David J. Hand, Imperial College London, chaired the selection committee for the 2024 Rousseeuw Prize, awarded as previously announced to Yoav Benjamini, Ruth Heller and Daniel Yekutieli (with posthumous acknowledgment to Yosef Hochberg). David gave the following speech at the award presentation.
Introduction
I was honoured to be asked to chair the selection committee again. I would like to say how grateful the statistical community is to Peter Rousseeuw for establishing this prize. And to thank the administrators, who promote, advertise, and solicit nominations, and my fellow selection committee members for our discussions on who should be awarded this year’s prize.
The Nobel Prize was established in 1895, for the disciplines of physics, chemistry, physiology or medicine, literature, and peace. A sixth prize for economics was established in 1969. The Turing Prize for computer science was launched in 1966. The Abel Prize for Mathematics was established in 2001. But the gaping lacuna in that list is difficult to miss. Statistics—the discipline of extracting understanding and illumination from data—is central to modern civilisation. It’s ubiquitous, impacting all walks of life, from medicine, to finance, to public policy and government, even though one may have to look under the hood to see it.
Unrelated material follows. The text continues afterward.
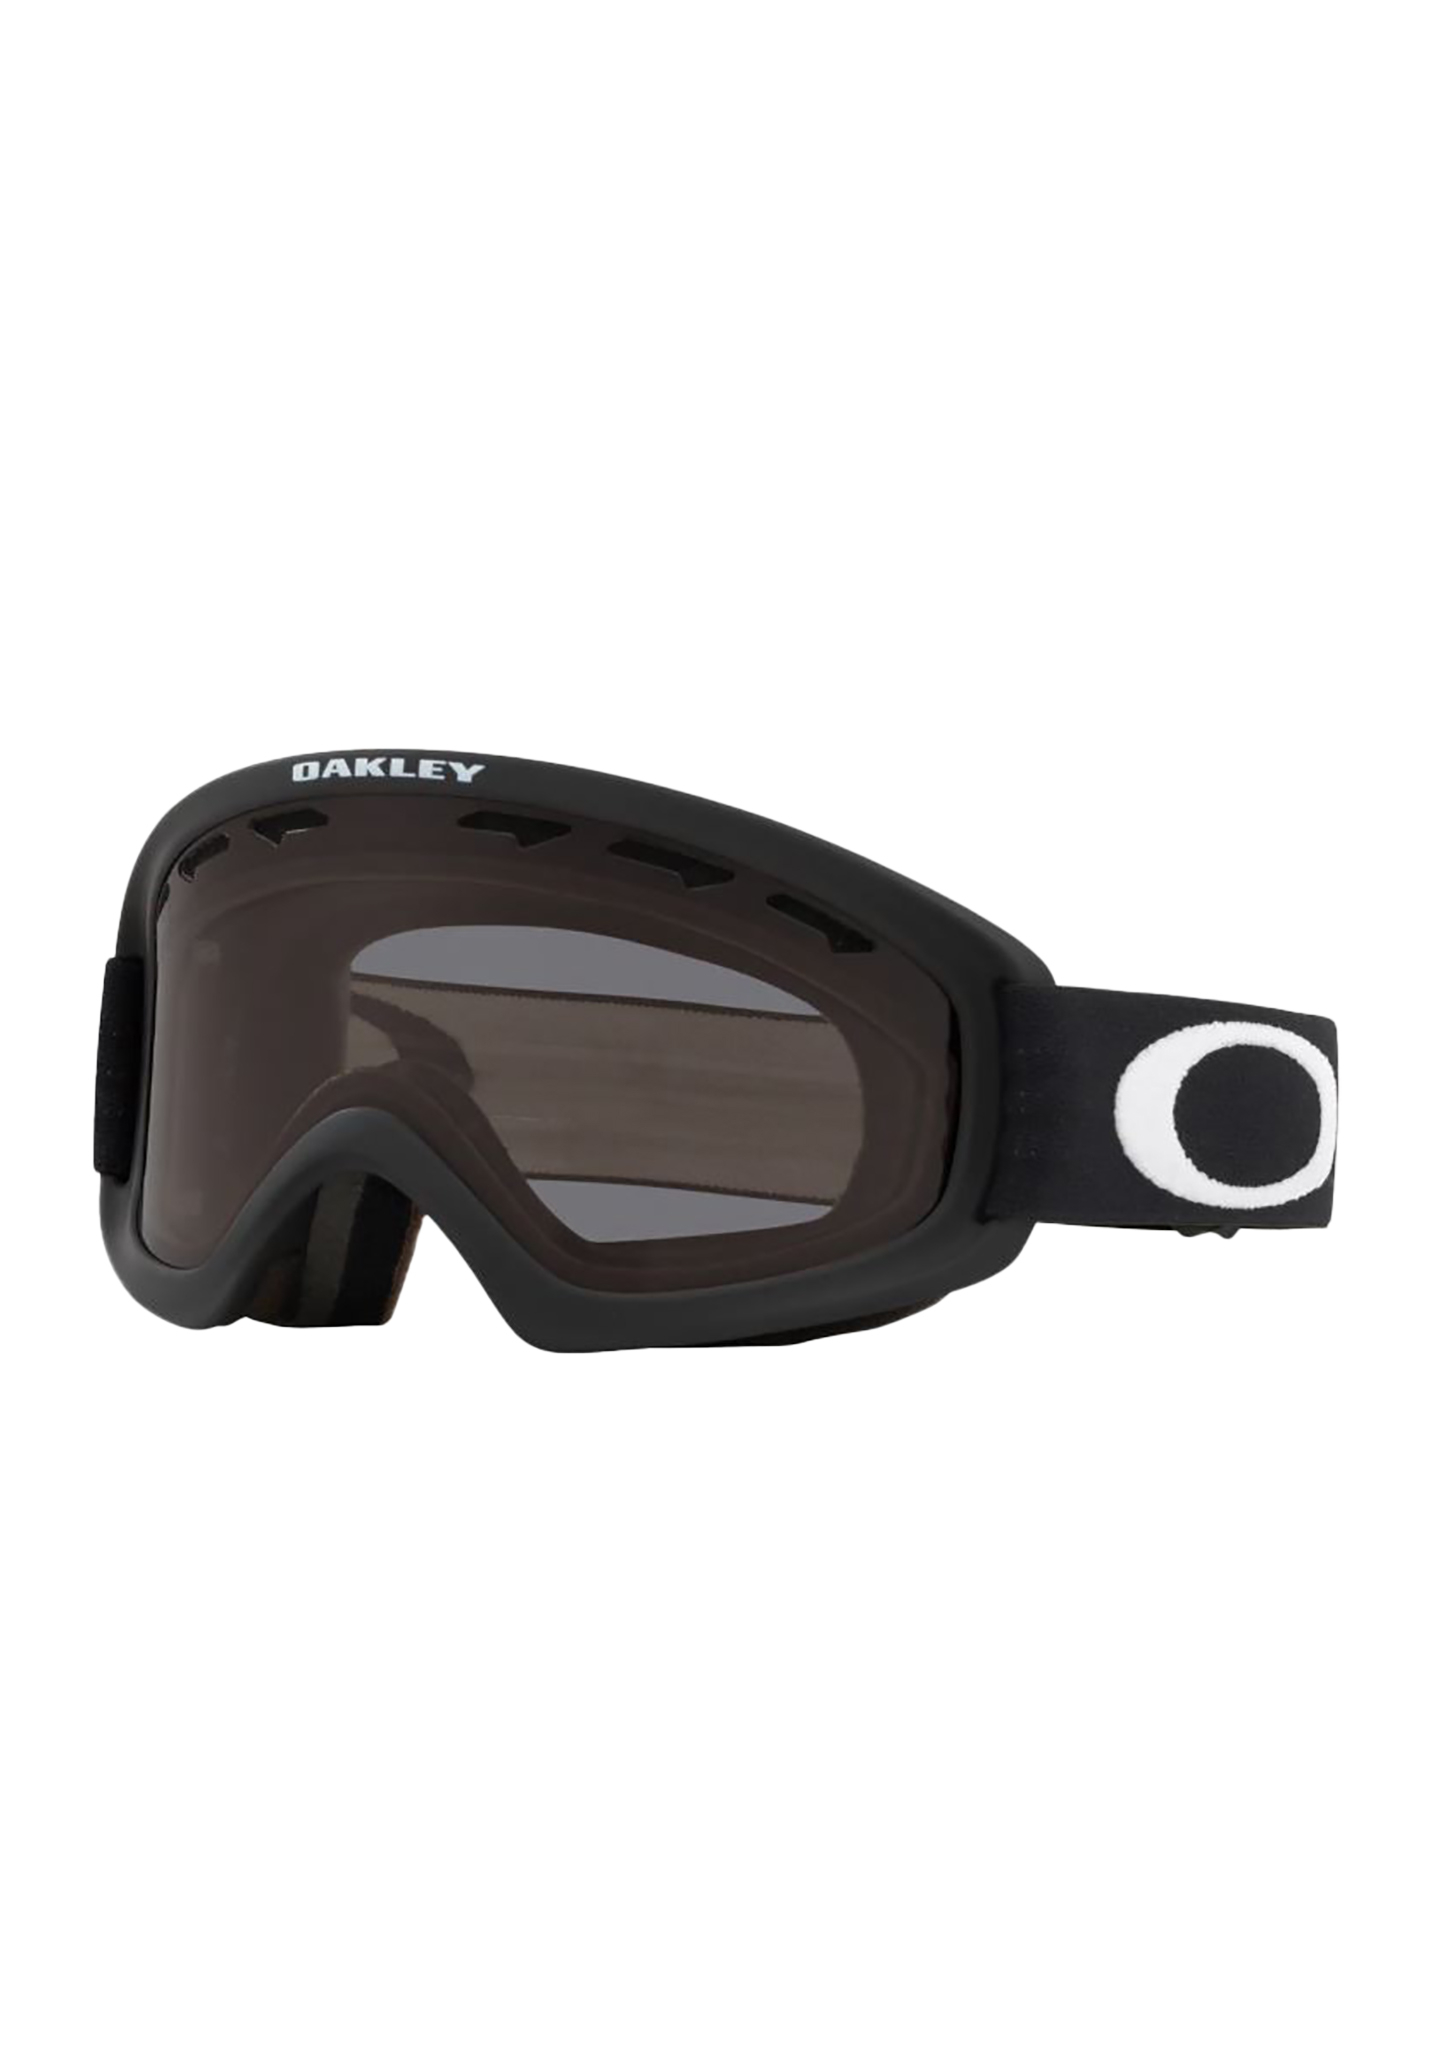 Oakley O Frame 2.0 Pro S Snowboardbrillen mattschwarz/dunkelgrau One Size

I might go so far as to say that none of the disciplines included in the Nobel awards would be possible in their modern form without statistics—perhaps with the exception of literature. So it was a gap that was crying out to be filled, and the Rousseeuw Prize does just that.
My role here is to describe the winning work in a high-level, informal and non-technical way, and introduce the prizewinners. I shall begin by looking at a couple of examples.
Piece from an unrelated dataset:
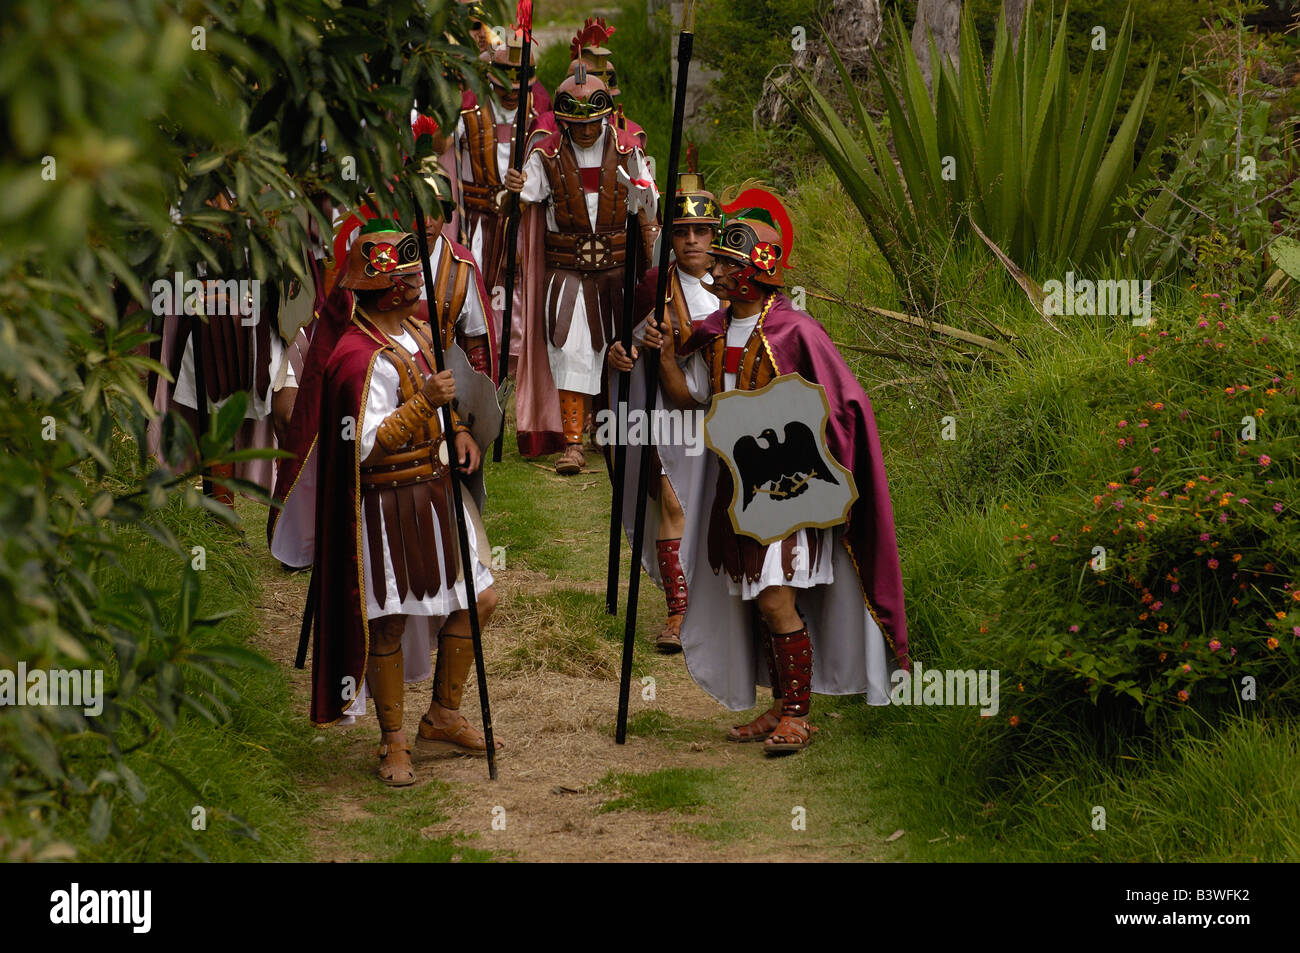 Guardias romanos fotografías e imágenes de alta resolución - Alamy

Motivating background examples
Your blood pressure fluctuates from day to day, over time of day, and even depending on whether you have been sitting or walking just before it was measured. It’s affected by a multitude of random influences. So if I were to measure the blood pressure of everyone in this room, some of you would have a high value, perhaps even above the threshold which would prompt concern. But only for some of those would it be because you really had an underlying condition that might merit treatment, while for others it would be high simply because one of those other random influences had temporarily made it high.
In this context, a false positive or a false discovery is a test result which indicates something abnormal when really there is nothing abnormal.
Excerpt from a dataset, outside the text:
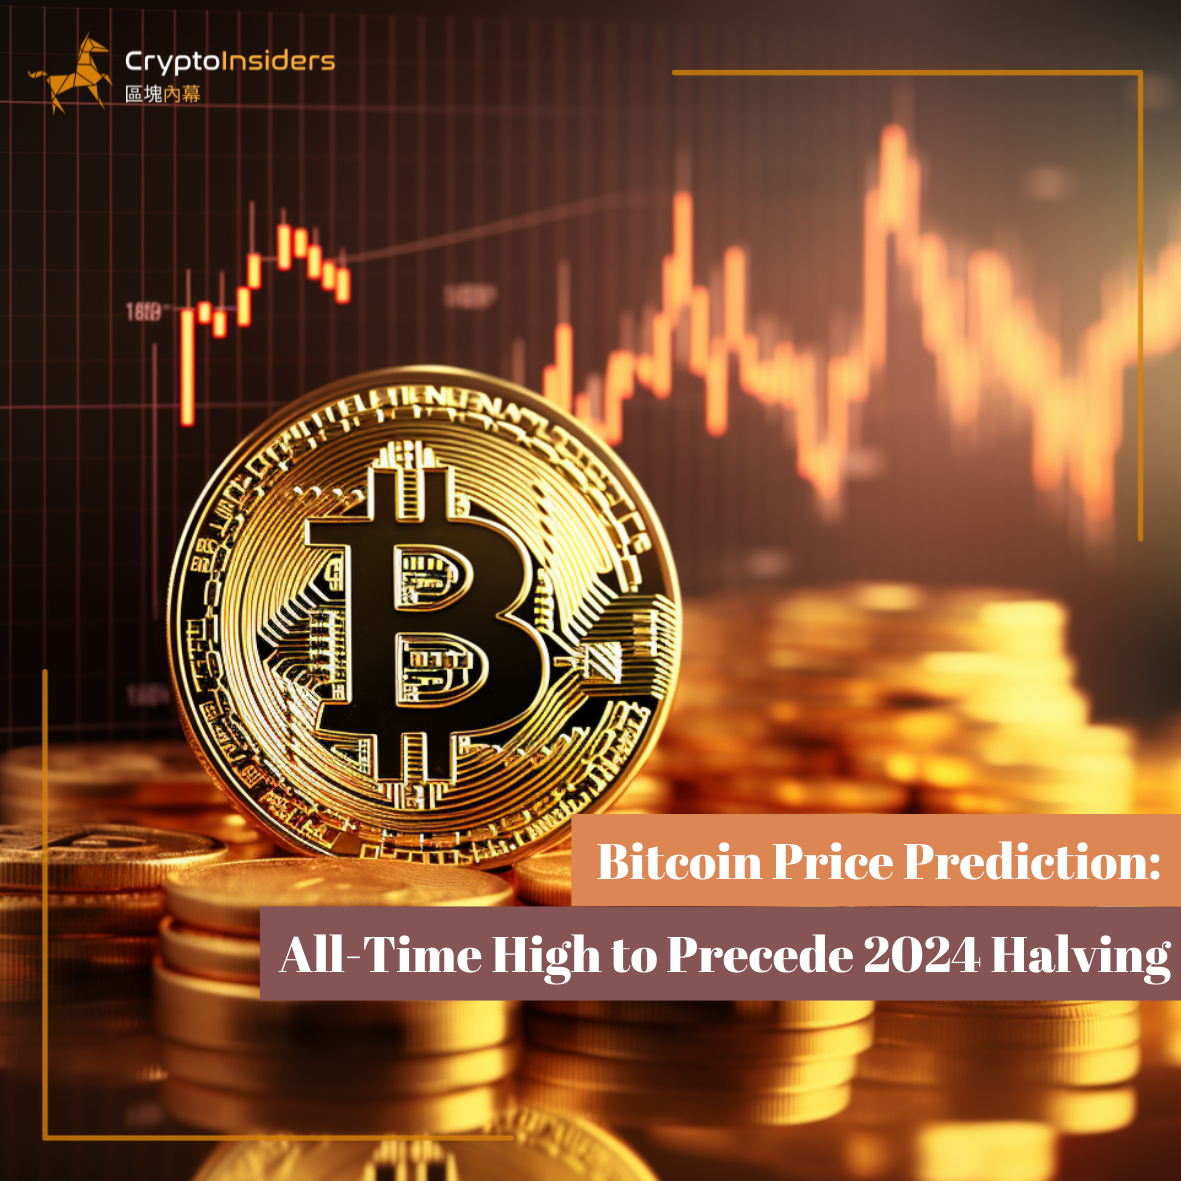 Bitcoin-Price-Prediction-All-Time-High-to-Precede-2024-Halving-Crypto-Insiders-Hong-Kong-Blockchain-News

If I rushed everyone who had a high blood pressure reading off to the hospital many of those would turn out to be perfectly normal. This would be bad news for all those who had been rushed off, not merely because of the time wasted but also because of the anxiety caused. Indeed, some medical screening programmes have been criticised for these very reasons. Being told you might have cancer—and then suffering intrusive investigations and perhaps even surgical operations—only to later discover that it was a false positive is clearly to be avoided.
So how can we reduce the number of such false positives?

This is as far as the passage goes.